AIM OF THE EXERCISE ::
Apart from the images, output the data below exactly.

DATASET CONTENT ::
######
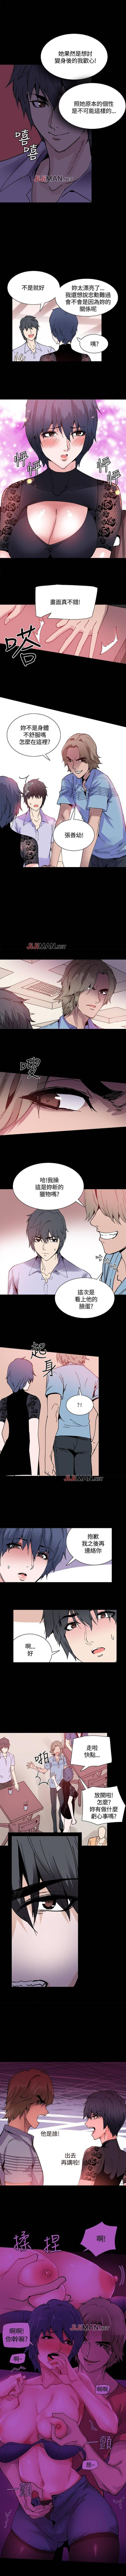 【已完结】Bodychange(作者:Seize & 死亡節奏) 第1~33话 60
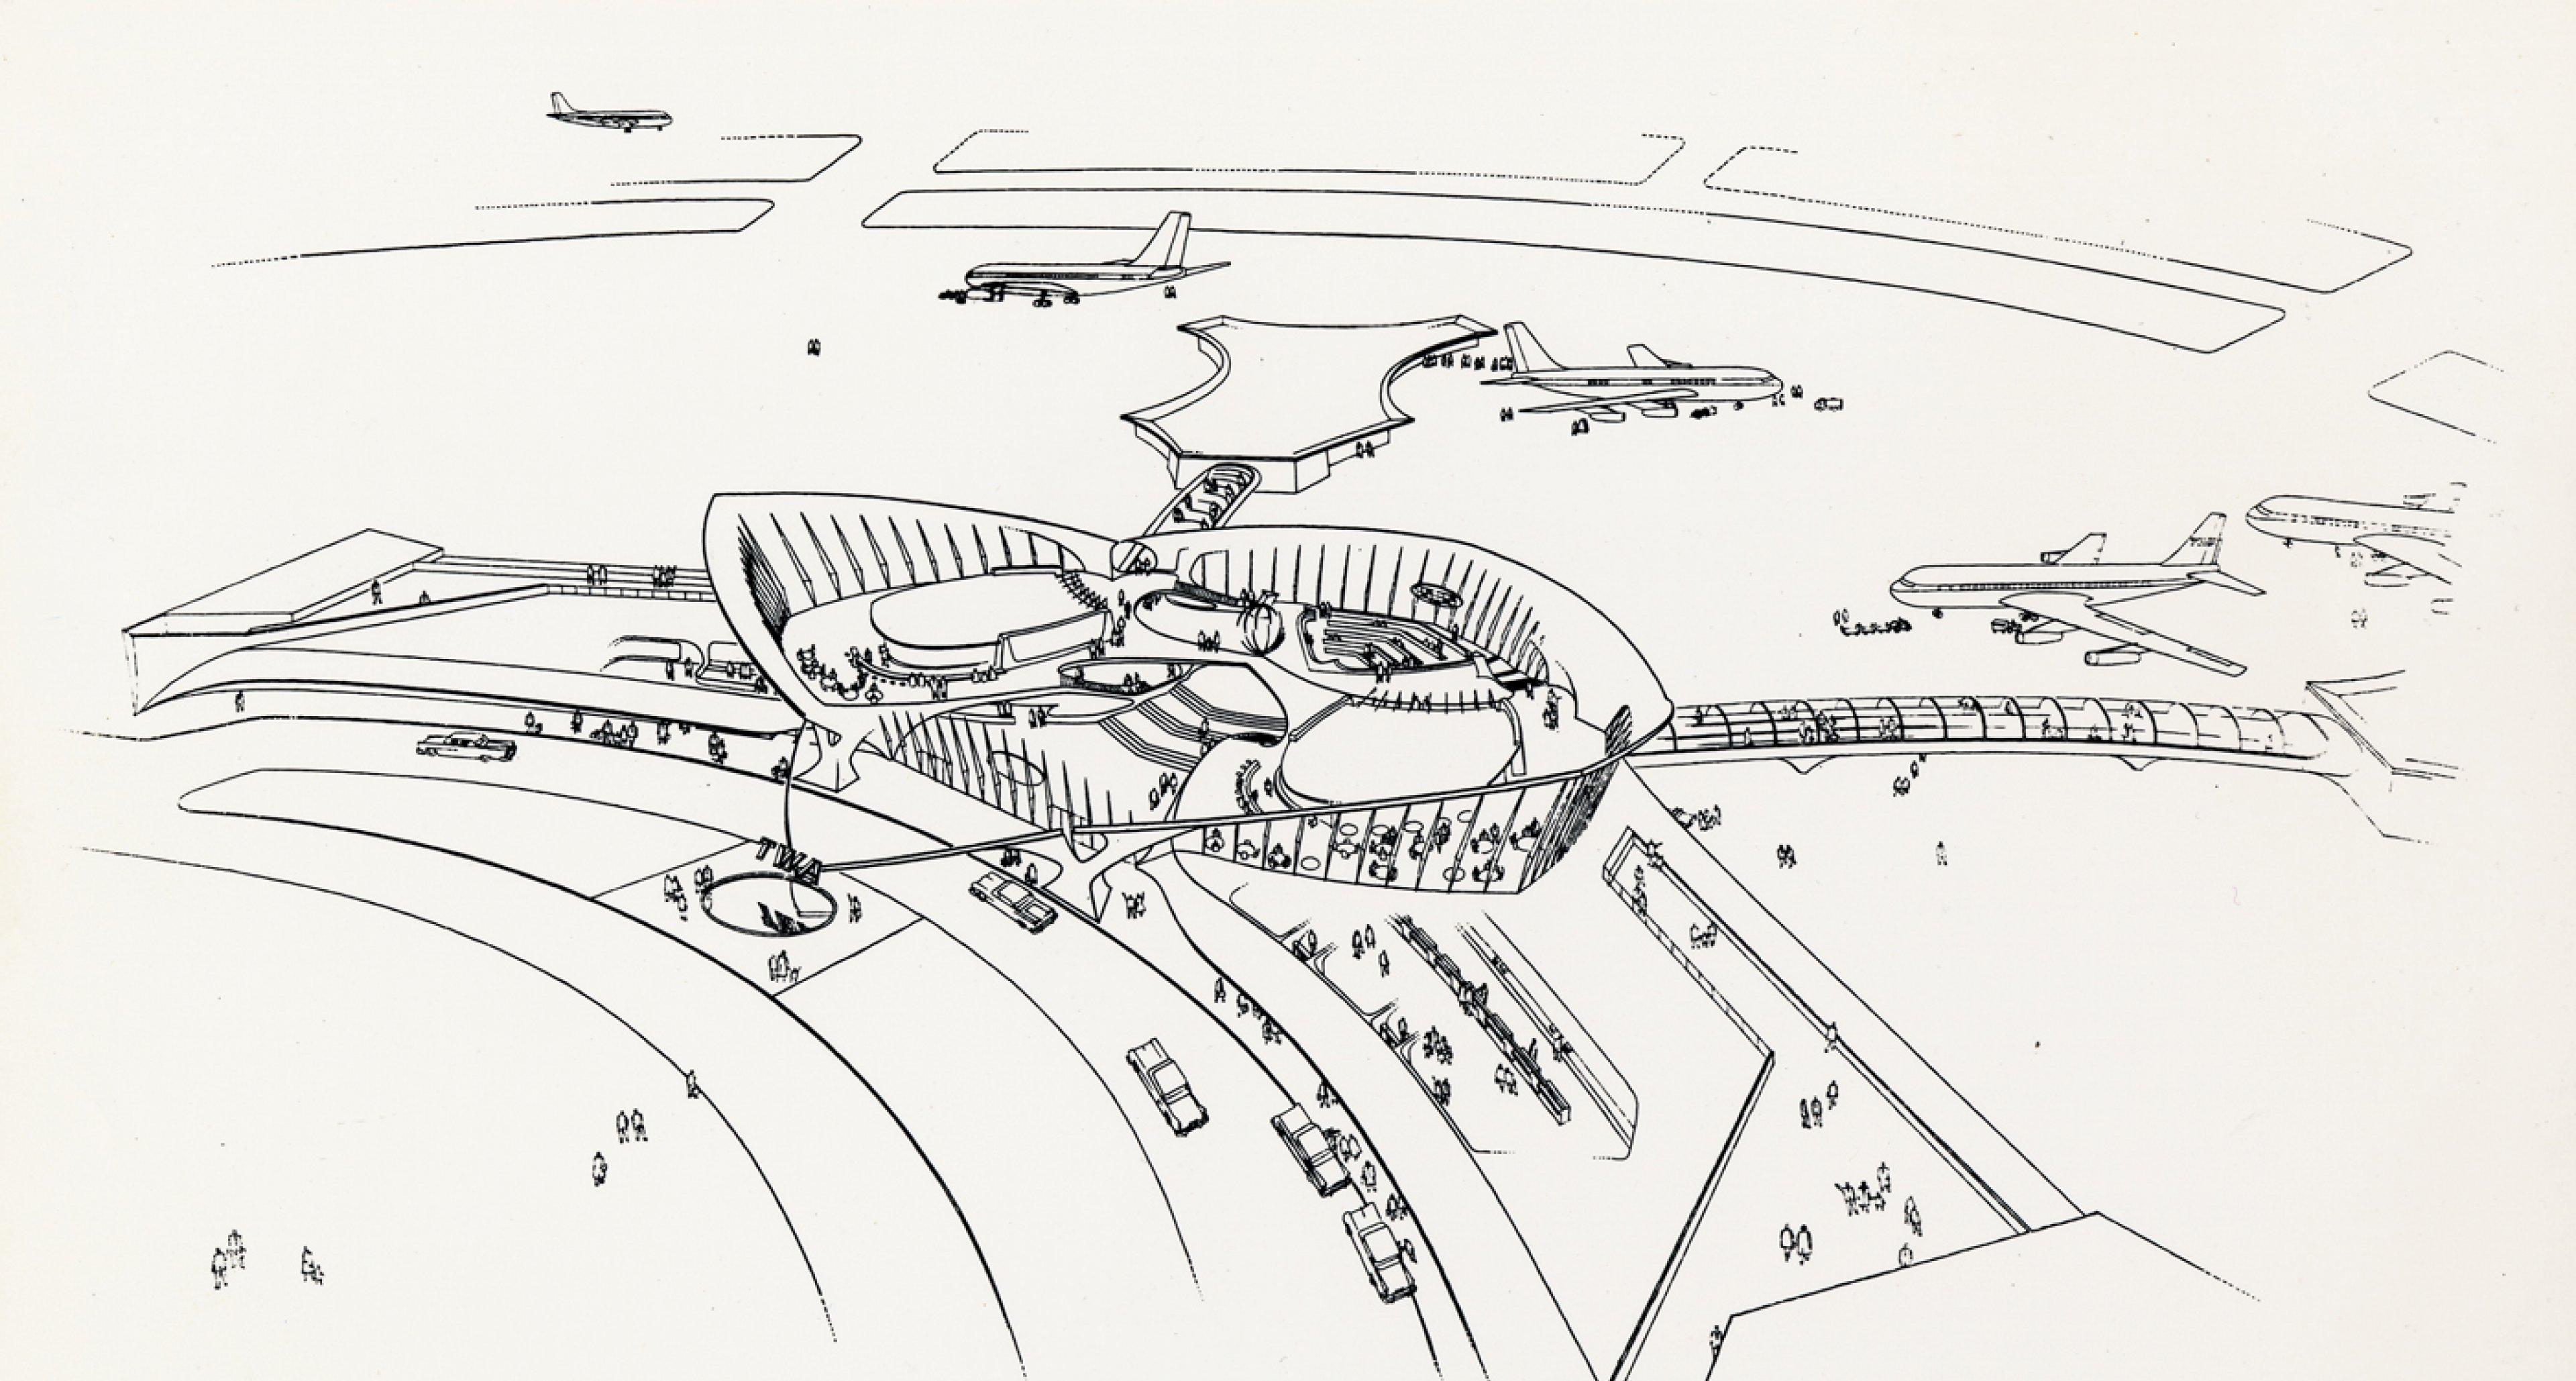 Erster Entwurf von ES&A für den Terminal © Eero Saarinen Collection (MS 593). Manuscripts and Archives, Yale University Library
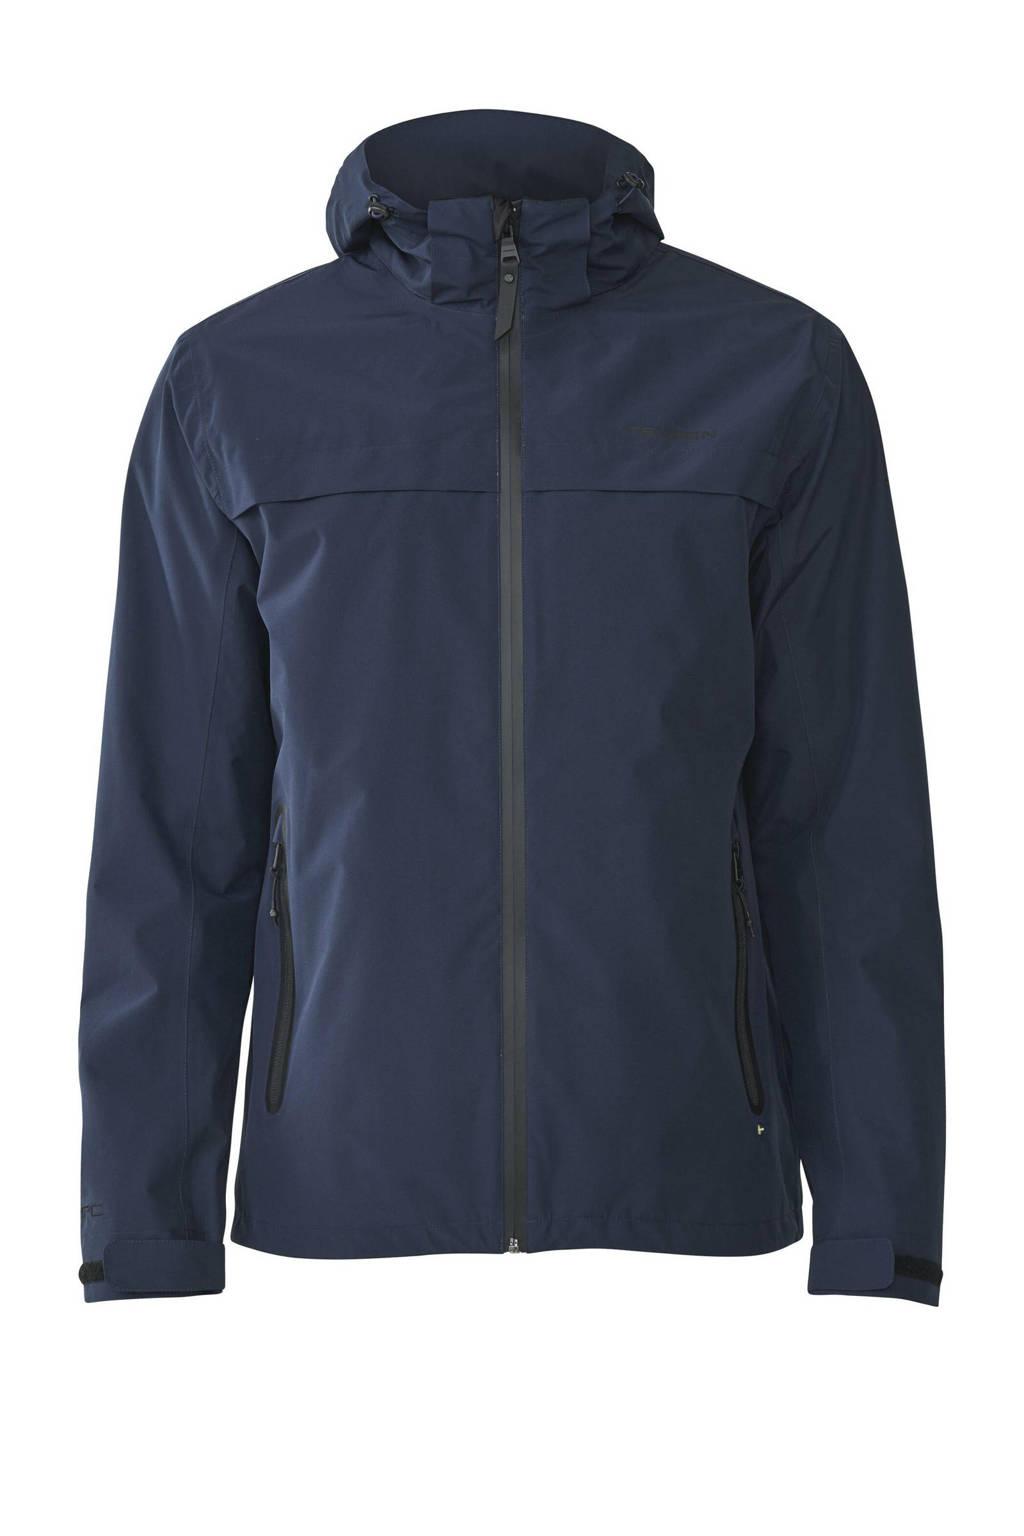 Tenson outdoor jas Ivar donkerblauw, Donkerblauw
######
WORKED SOLUTION ::
 【已完结】Bodychange(作者:Seize & 死亡節奏) 第1~33话 60
 Erster Entwurf von ES&A für den Terminal © Eero Saarinen Collection (MS 593). Manuscripts and Archives, Yale University Library
 Tenson outdoor jas Ivar donkerblauw, Donkerblauw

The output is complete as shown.